# How to Generate Features by Group[¶](https://knowledge.dataiku.com/latest/courses/advanced-data-prep/events-aggregator/by-group.html#how-to-generate-features-by-group "Permalink to this headline")

In this mode, features are aggregated by group and the output will have one row per group.

For example, we may have a dataset recording customer activity on an e-commerce website. Each row corresponds to an event at a specific timestamp. For a given fixed date, we want to predict who is most likely to churn. So we need to group the input dataset by user. The output dataset will then have one row per user.

For reference, the final flow will look like the following.

## Preparing for the Events Aggregator[¶](https://knowledge.dataiku.com/latest/courses/advanced-data-prep/events-aggregator/by-group.html#preparing-for-the-events-aggregator "Permalink to this headline")

The flow begins with two CSV source files.
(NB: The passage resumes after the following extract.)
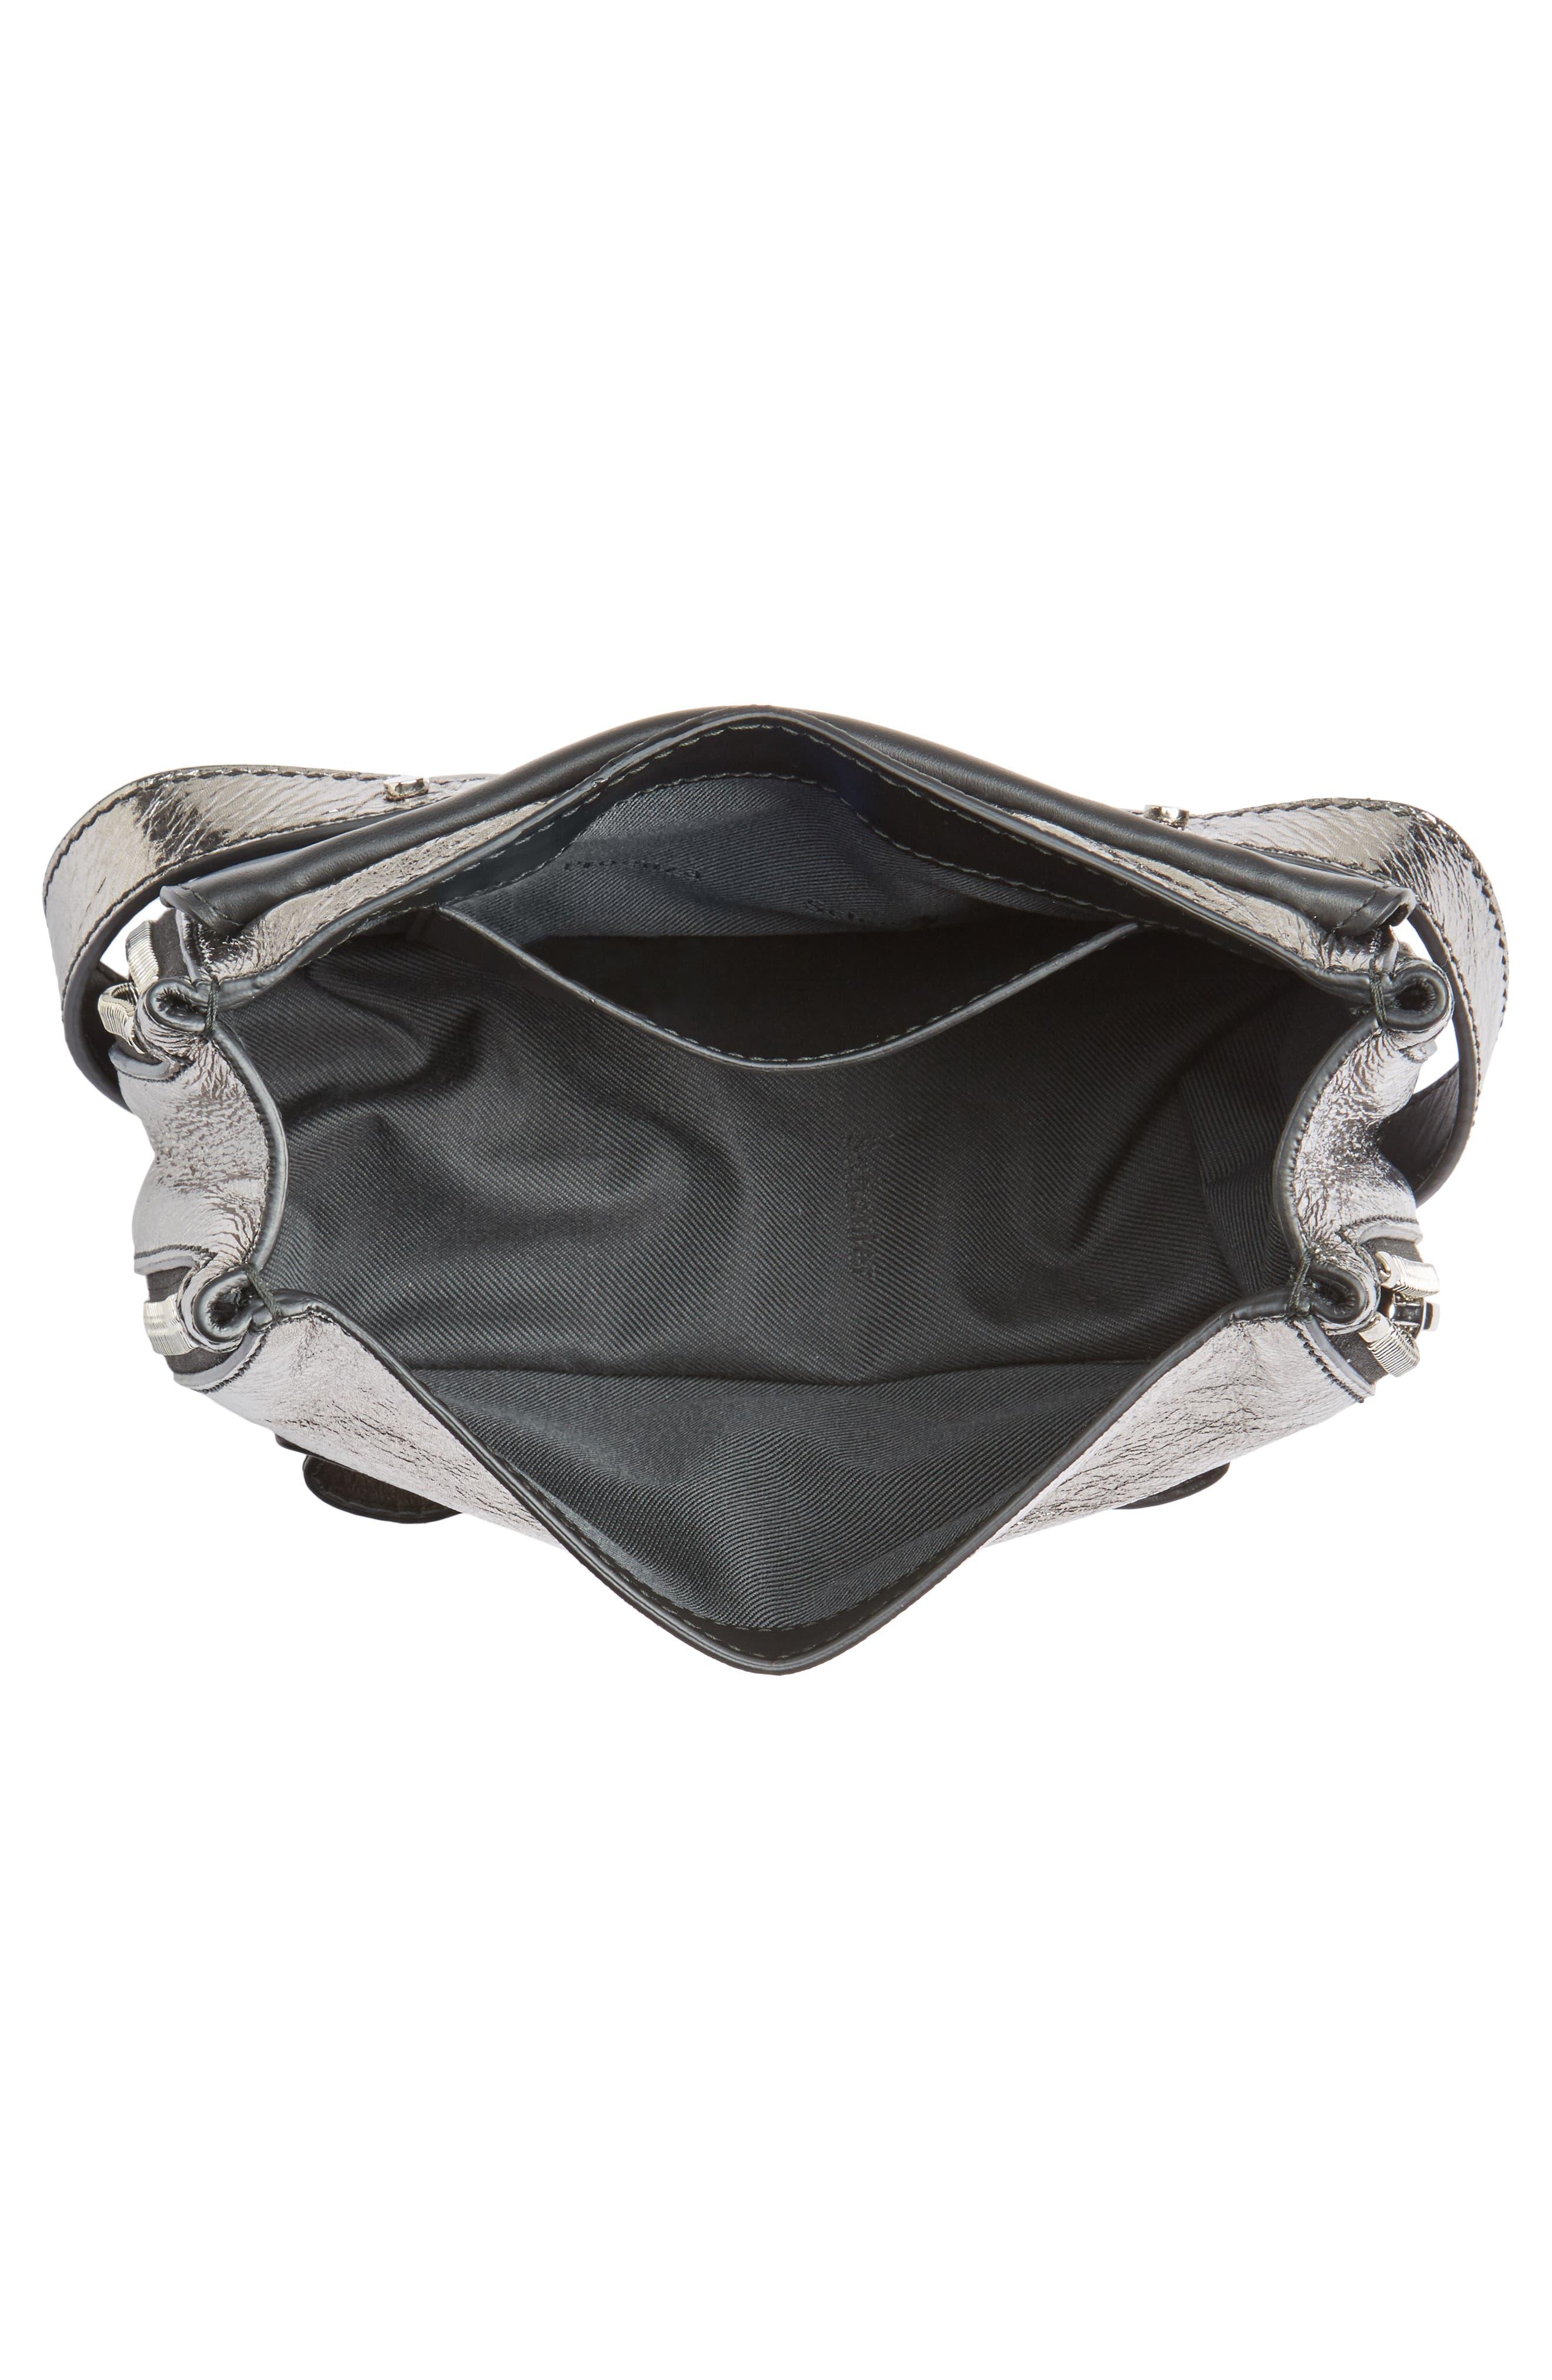 Mini PS1 Metallic Leather Crossbody Bag,                             Alternate thumbnail 4, color,                             Dark Silver

Download the archive containing these files, extract them from the archive, and use them to create two new Uploaded Files datasets.

While creating each dataset, go to the **Schema** tab and click **Infer types from data**.
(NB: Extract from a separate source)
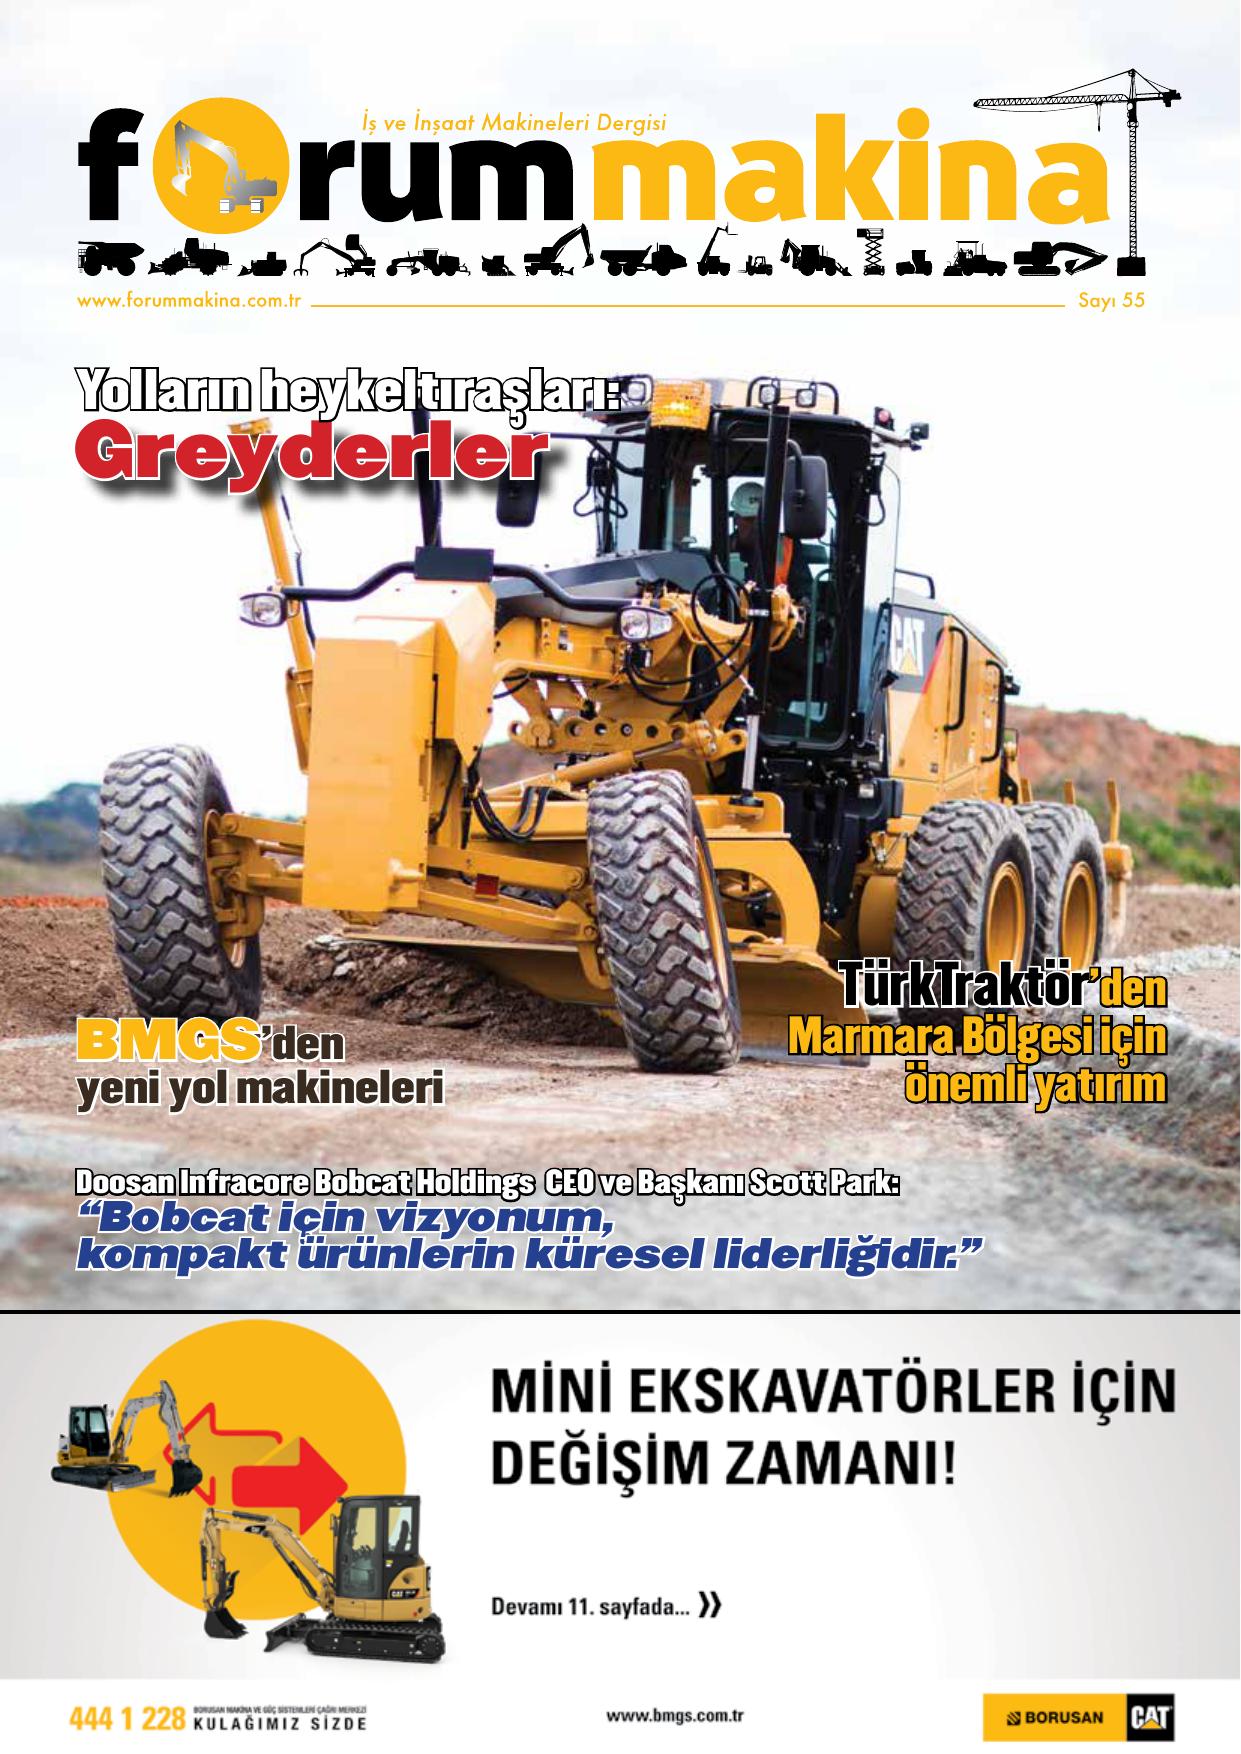 greyderler - forum makina

Next, we need to Sync these datasets to SQL datasets, because the plugin works on SQL datasets. Now the *user\_activity* SQL dataset is ready for the Events Aggregator.
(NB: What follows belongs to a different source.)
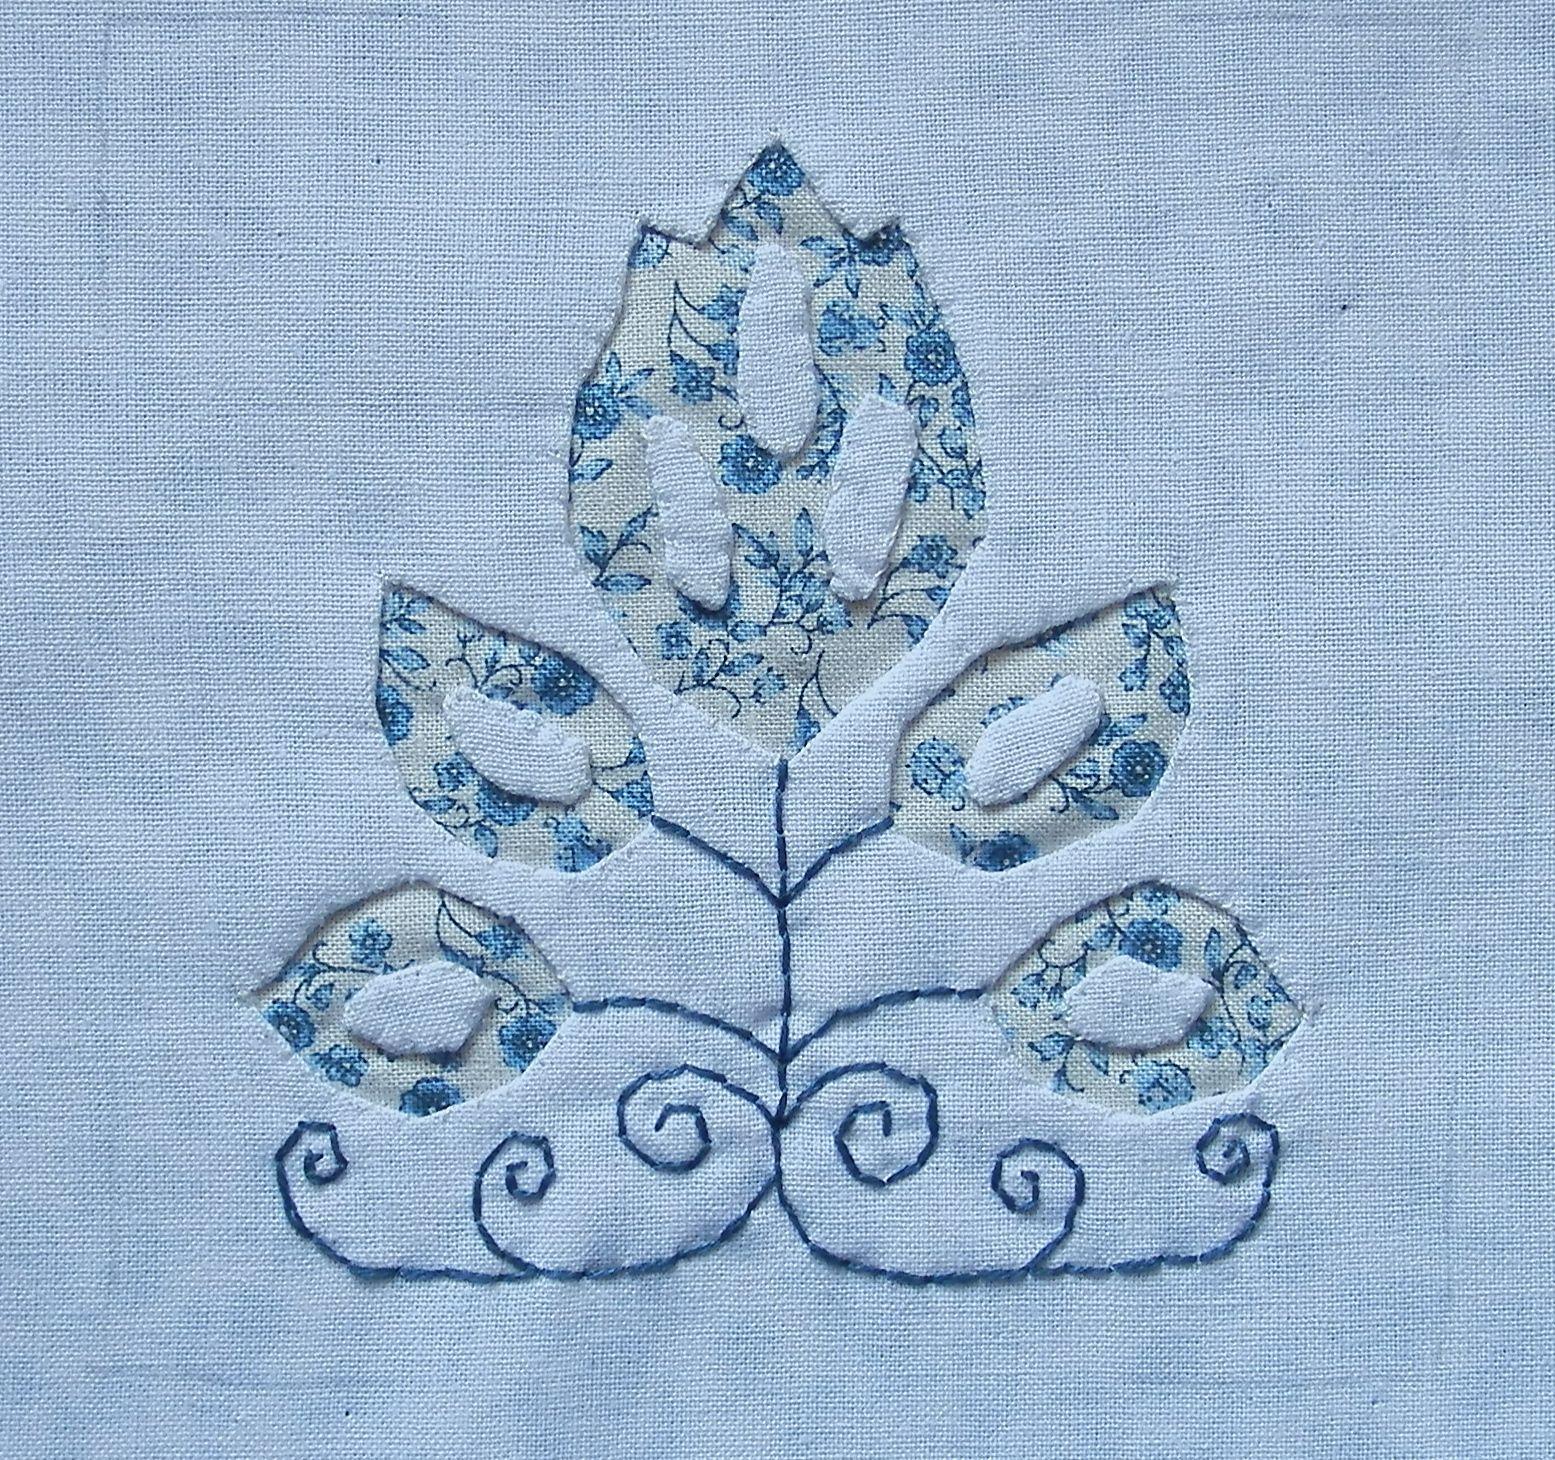 Wrought Iron - Dutch Treat Quilt by Brodeuse Bressane | Quilts ... : dutch treat quilt - Adamdwight.com

## Applying the Events Aggregator[¶](https://knowledge.dataiku.com/latest/courses/advanced-data-prep/events-aggregator/by-group.html#applying-the-events-aggregator "Permalink to this headline")

In the Flow, select **+Recipe > Feature factory: events-aggregator** to open the plugin recipe. Set *user\_activity* as the input dataset, create *user\_features* as the output dataset, and create the recipe.

We want to aggregate features for each customer, ending with a dataset that has one row per customer, so we define the groups by *user\_id* and select **By group** as the level of aggregation. We also select *event\_timestamp* as the column that defines when the events occurred.

We chose to allow input feature definition to be automatic. The chosen columns are used to generate the output aggregated features.

In order to capture the mid-short term trend, we chose to add a temporal window with a **window width in months** of 6, and checked the box to **add a window with all history**. This means that in addition to computing features on the entire event history, the recipe will generate features for events in the 6 months prior to the present.

If we wanted to generate features for each 6 month window going back for a year, we would change the setting of **Windows of each type** from 1 to 2.

## Machine Learning[¶](https://knowledge.dataiku.com/latest/courses/advanced-data-prep/events-aggregator/by-group.html#machine-learning "Permalink to this headline")

The output dataset now contains dozens of features. We join this dataset with the *user\_label* dataset, split the resulting dataset with a 70/30 random split into train and test sets, and can now directly use the new features for predicting the *target* column in the Visual Machine Learning interface. We deployed a Random Forest to the flow, and used it to score the test set.